The first question that everyone in irrigation areas should ask is. What the hell are you going to do with all this supposed environmental water? You won’t get an answer from the politician, so I will save them the embarrassment.
Sell it back to the surviving peasant farmers who used to vote for the National Party at the highest possible price to make profits for their investor mates.
The second question: Why is there a shortage of water? I will be happy to give the answer to anyone who hasn’t worked it out for themselves yet.
Russell Crichton,
Cohuna
Winners against losers
OH, how different we see the reactions from our Canberra bubble when they have the problem, instead of dictating to others who they see as being the problem.
The bureaucracy looks on the severity of the problem in a totally different light, and the weak politicians seeking nothing other than re-election react accordingly.

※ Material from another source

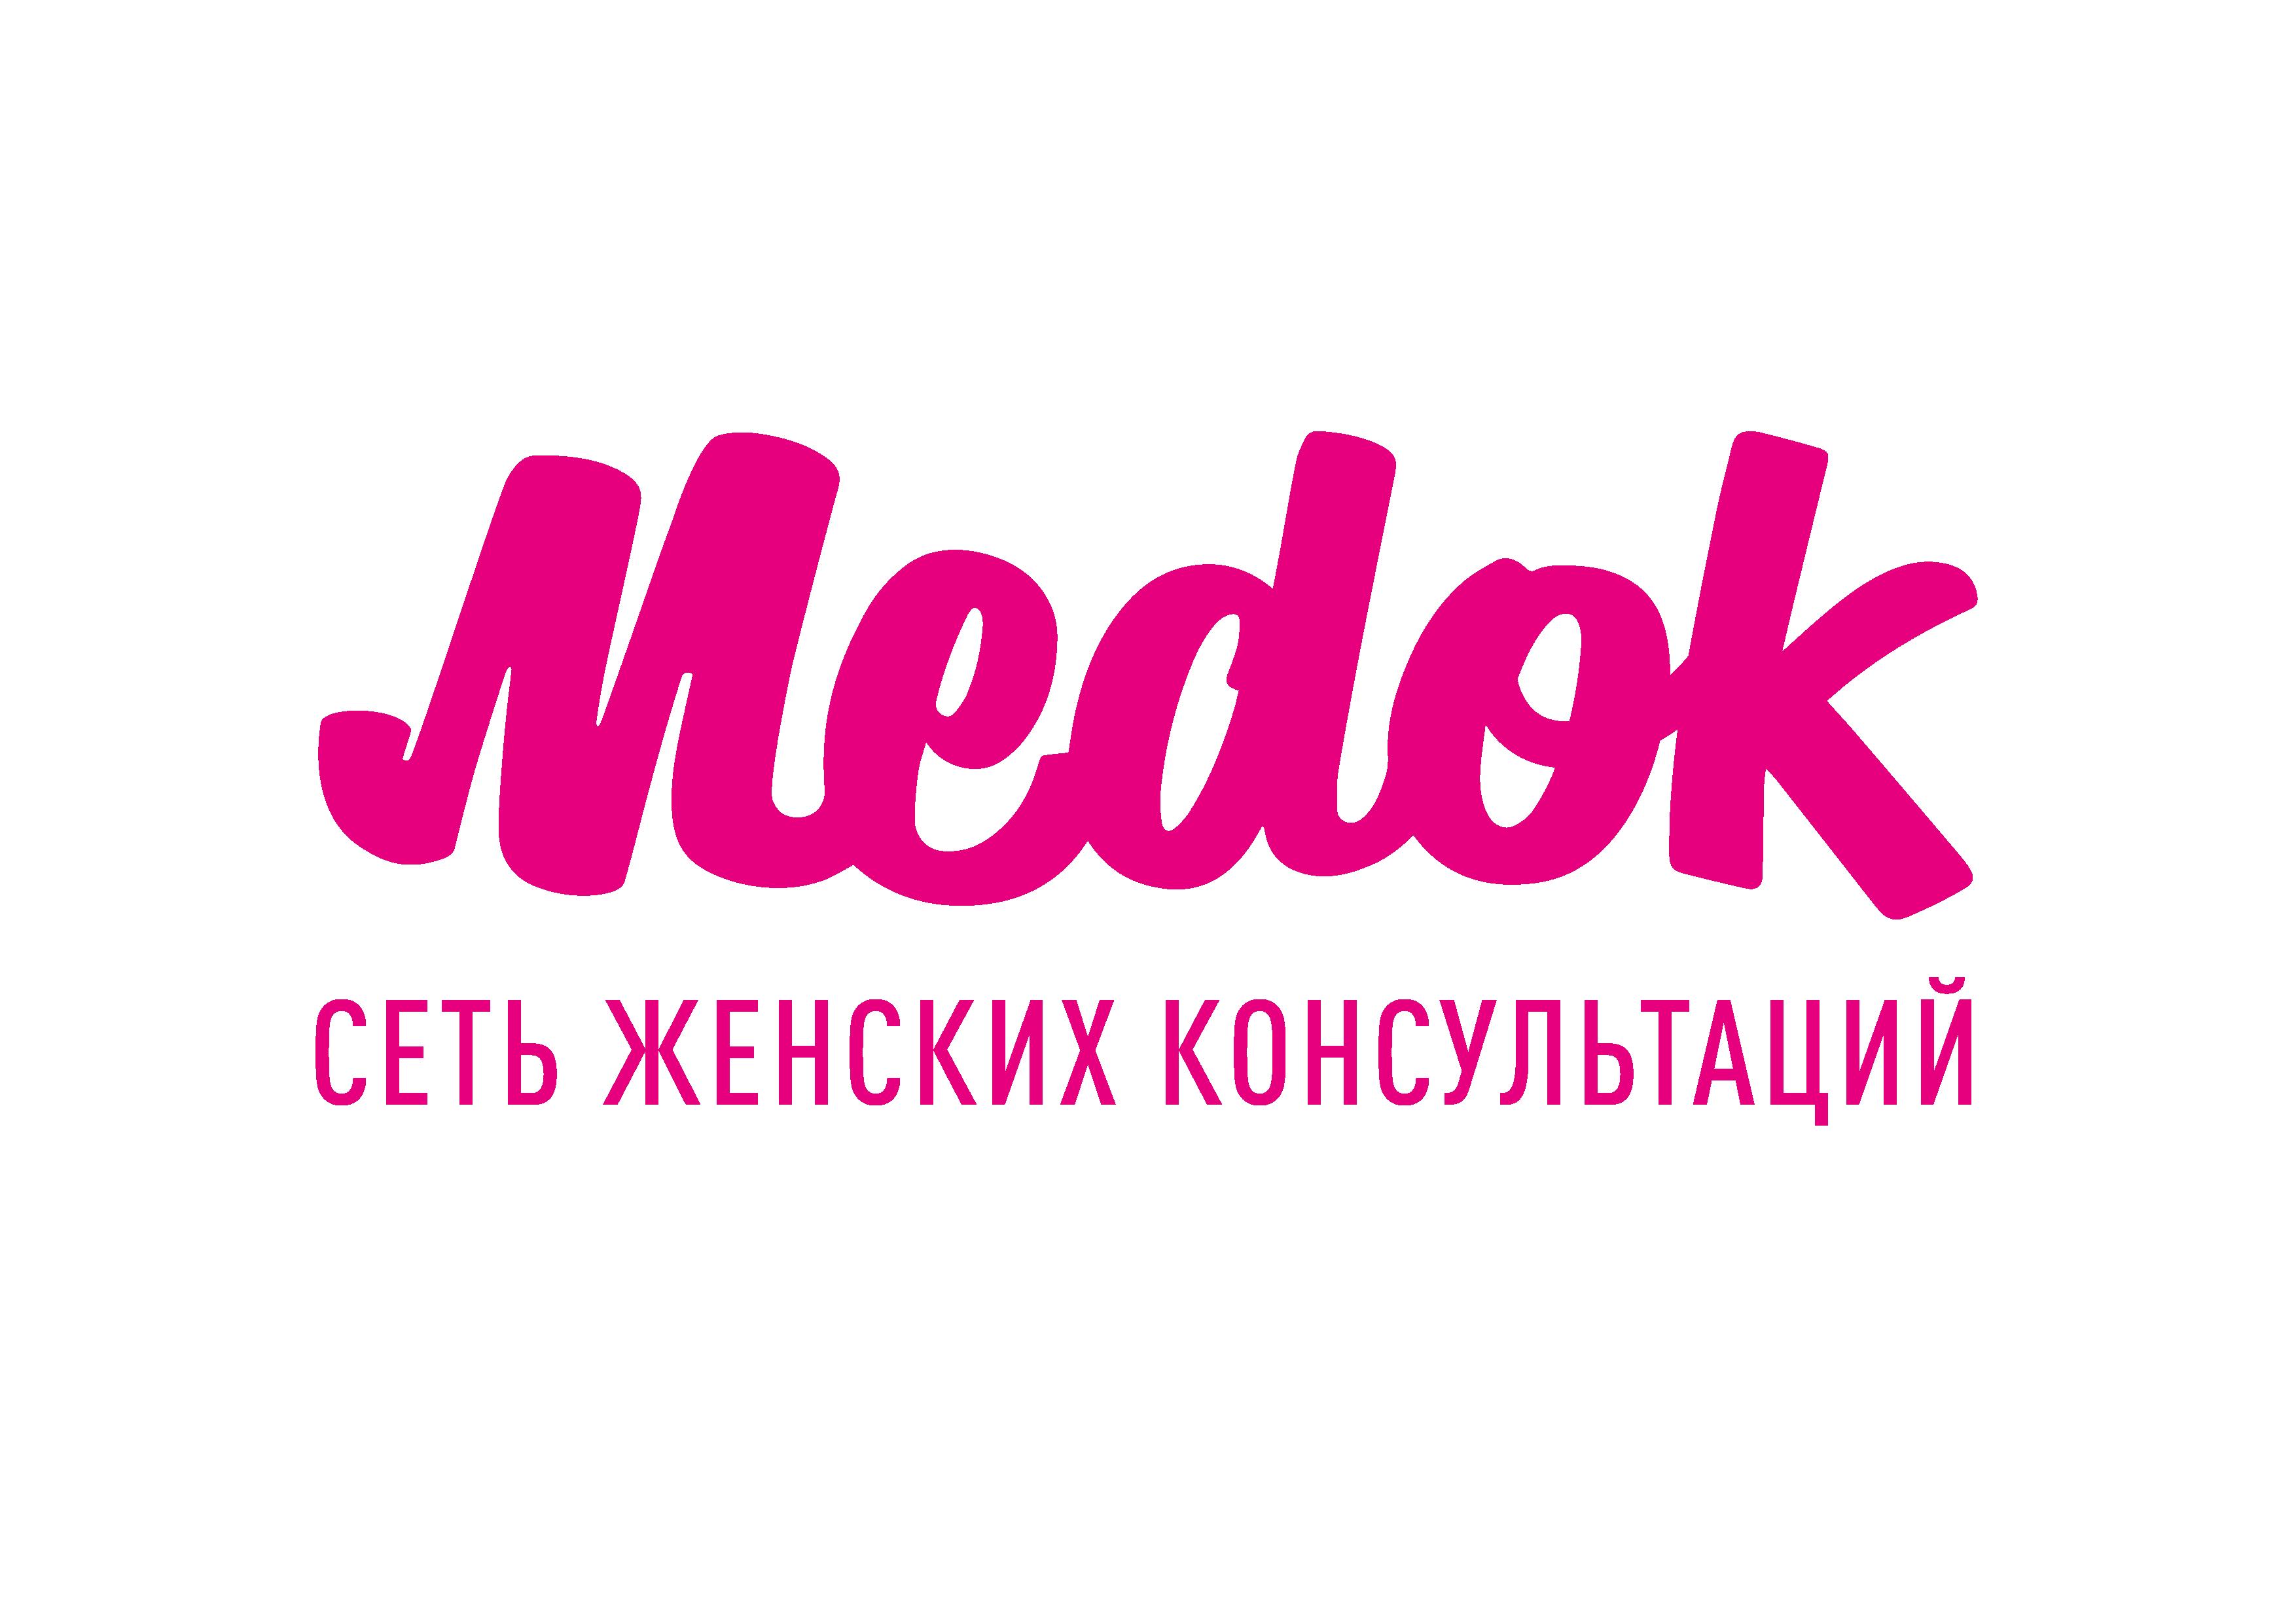 Женская консультация «Медок» в Кузьминках

This week we learn that Canberra’s sewerage treatment plan has released effluent into the Molonglo River, which joins the Murrumbidgee River and feeds numerous regional communities.
If a dairy farmer had released any effluent into the Murrumbidgee (or any other river) there is no doubt the full force of the Environment Protection Authority would have been forced upon him (or her).
But when it’s one Canberra bureaucracy protecting another Canberra bureaucracy, it seems the response is different.
The ACT’s Environment Protection Authority says the discharges are “permitted” under an “environmental authorisation”, despite Canberra University Professor Fiona Dyer stating there was some “potential risk to human health”.
Is it any wonder our farmers and regional communities get fed up with a “one rule for us, another for the rest” bureaucratic philosophy?
Let’s be clear: effluent discharge into our river systems is not okay, even if the ACT EPA claims it is “insignificant”.
In 2015, a CSIRO report revealed that wastewater and sewage leaking into rivers was contributing to algal blooms. Even after treatment, wastewater contains nitrogen and phosphates which are the key ingredients to these blooms.
If farmers allow waste or run-off into the waterways they are prosecuted by the EPA in their state and potentially face serious fines. Yet it seems that in Canberra, it’s ok.
This is the city where I have seen them brag about their sewerage treatment system, yet now we learn through this week’s report that it was completed nearly 50 years ago and is under pressure from a growing population.
Do we get frustrated with the Canberra bureaucracy? You bet we do.
They have forced on our regions a dysfunctional Murray-Darling Basin Plan that we were told was to protect our environment, but in reality is only designed to protect politicians and their precious marginal seats.
They have no consistency in their rules or decisions, other than a consistent bias against anyone who has to be collateral damage for the political agenda that is always the priority.
And here is yet another example. If we were serious about healthy rivers and a healthy environment, our politicians and bureaucrats alike would look at the big picture and give us a Basin Plan that was well thought out, delivered effectively and flexible enough to be changed to suit changing circumstances and the environment.
Instead, we were delivered a plan that focuses on water volumes, not water quality or maximising the use of this resource, whether this is for environmental or productive purposes.
So we are left with a total mess that plays winners against losers, with the latter generally being our food producers because they are the ones in safe electorates (like Farrer), where there is no political willpower to promote solutions that will benefit the nation, rather than the politicians.